No he visto el libro y no puedo recordar su título, pero me dijo que exponía una extraña teoría. Decía que era posible que una persona de buena salud pudiera pronosticar su propia muerte con precisión, varios meses antes del hecho. El límite, pienso, eran dieciocho meses.
Hubo leyendas locales acerca de que había ejercido sus poderes de profecía, que quizás usted denomine diagnóstico; siempre me dijeron que las personas a las que advirtió de su fallecimiento murieron de pronto en el plazo fijado, sin causa conocida. Todo esto, por cierto, no tiene nada que ver con lo que voy a decirle; pero pienso que puede divertir a un médico.

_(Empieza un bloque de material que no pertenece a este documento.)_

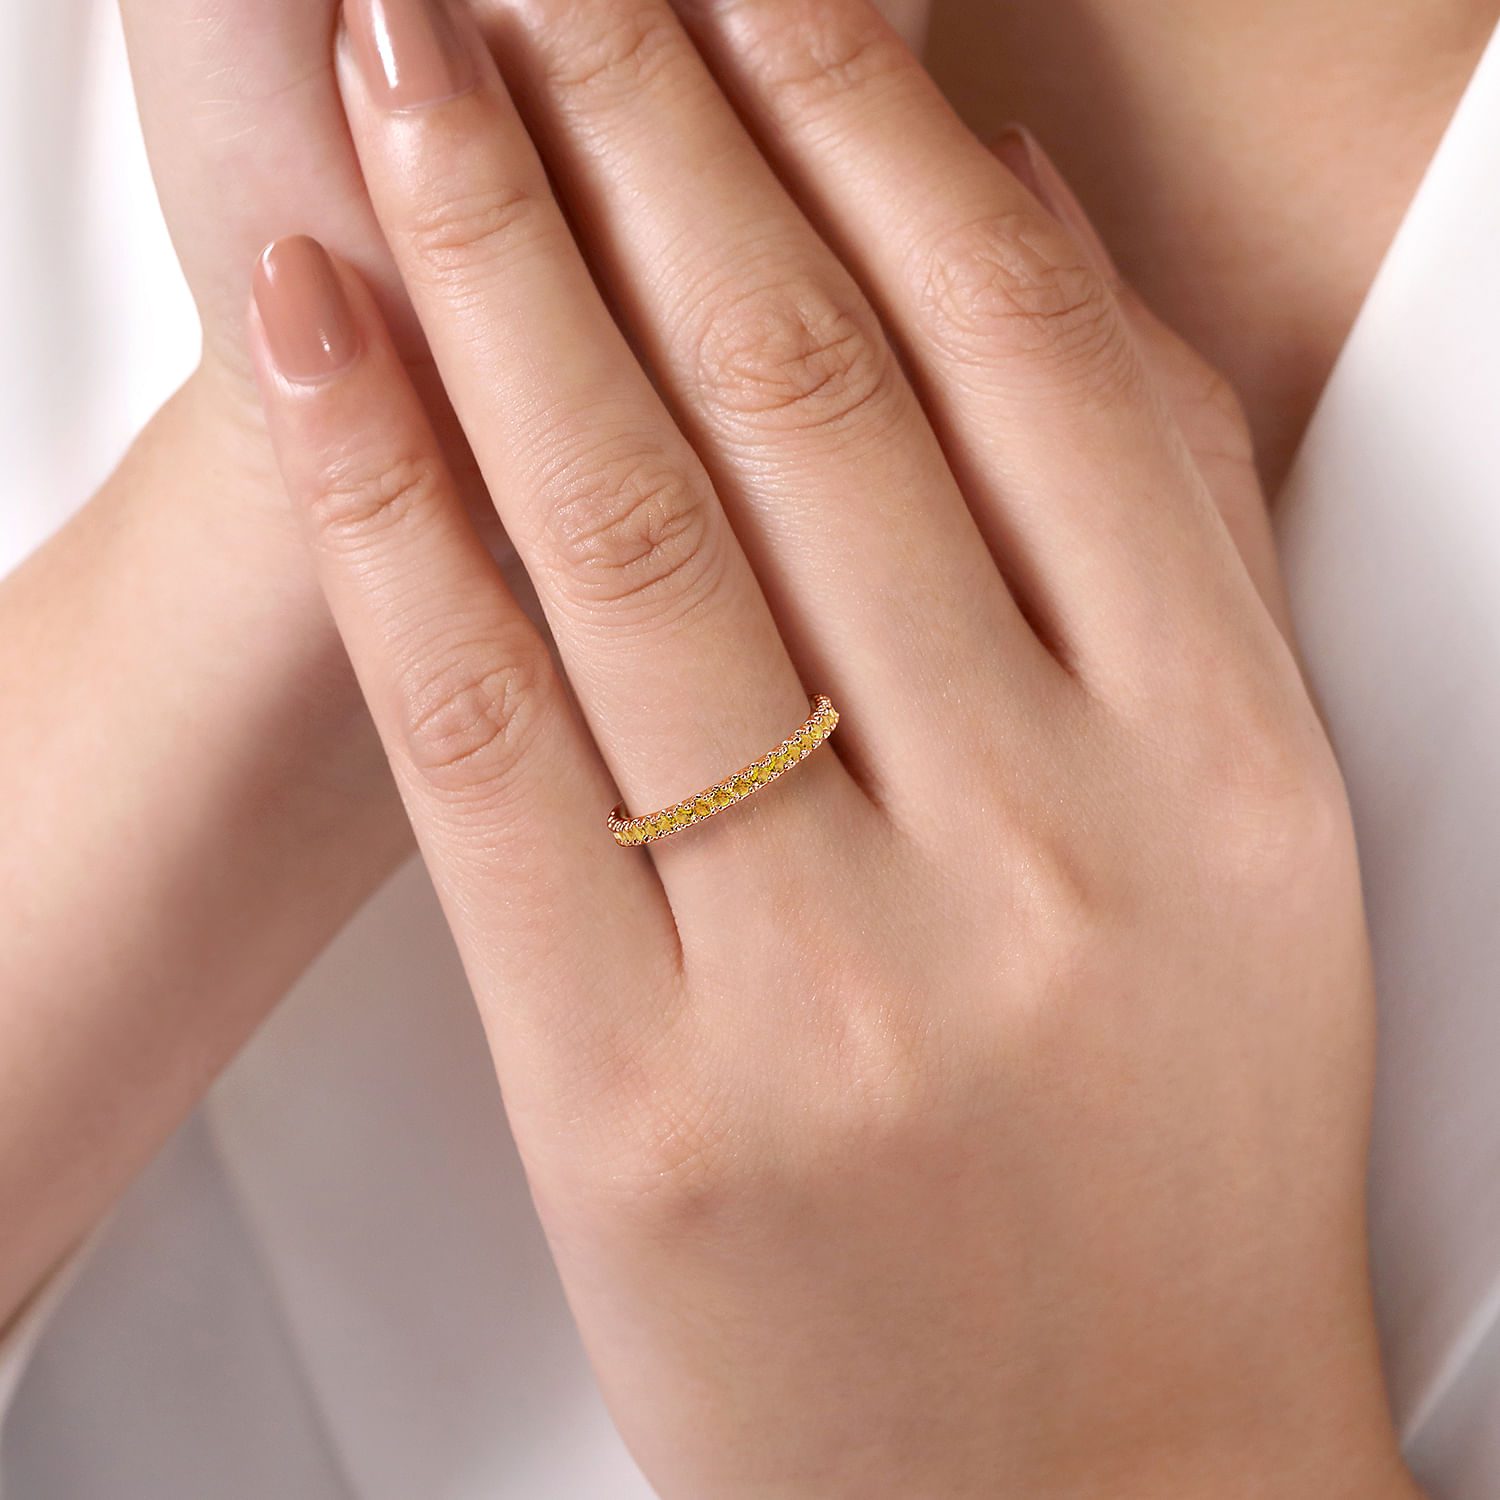 14K Rose Gold Citrine Stackable Ring

La casa estaba amueblada, tal como cuando él había vivido ahí. Era más bien una oscura vivienda para alguien que no había sido recluso ni estudiante y creo que tal vez, debido a la soledad, me contagió algo del carácter de su anterior ocupante, porque siempre sentí una cierta melancolía que no estaba en mi disposición natural. No tenía sirvientes que durmieran en la casa, pero siempre tuve mucha adicción, como ya sabe, a la lectura. Cualquiera que fuera la causa, el efecto fue un rechazo y un sentido de fatalidad inminente; esto fue especialmente en el estudio del doctor Mannering, a pesar de que esta habitación era la más luminosa y aireada de la casa. El retrato de tamaño real del doctor parecía dominar el cuarto por completo. No había nada inusual en la imagen, era evidente que el hombre tenía muy buen aspecto; de unos cincuenta años de edad, con un cabello gris metalizado, una cara recién afeitada y unos ojos oscuros y serios. Algo en su aspecto siempre atraía mi atención. La apariencia del hombre se convirtió en familiar para mí, hasta me embrujó
.
Una tarde, mientras pasaba a través de ese cuarto para ir a mi dormitorio con una lámpara –no había gas en Meridian–, me paré, como de costumbre, frente al retrato que, a la luz, parecía adquirir una nueva expresión, una expresión difícil de describir y misteriosa. Me interesé, pero no me inquieté. Moví la lámpara de un lado a otro y observé los efectos de alterar la incidencia de la luz. Mientras estaba tan absorto, sentí el impulso de darme vuelta. Y cuando lo hice ¡vi a un hombre que se movía a través de la habitación y que se dirigía hacia donde yo estaba! Tan pronto como se acercó y la lámpara iluminó su cara, vi que era el doctor Mannering en persona; ¡era como si el retrato estuviera caminando!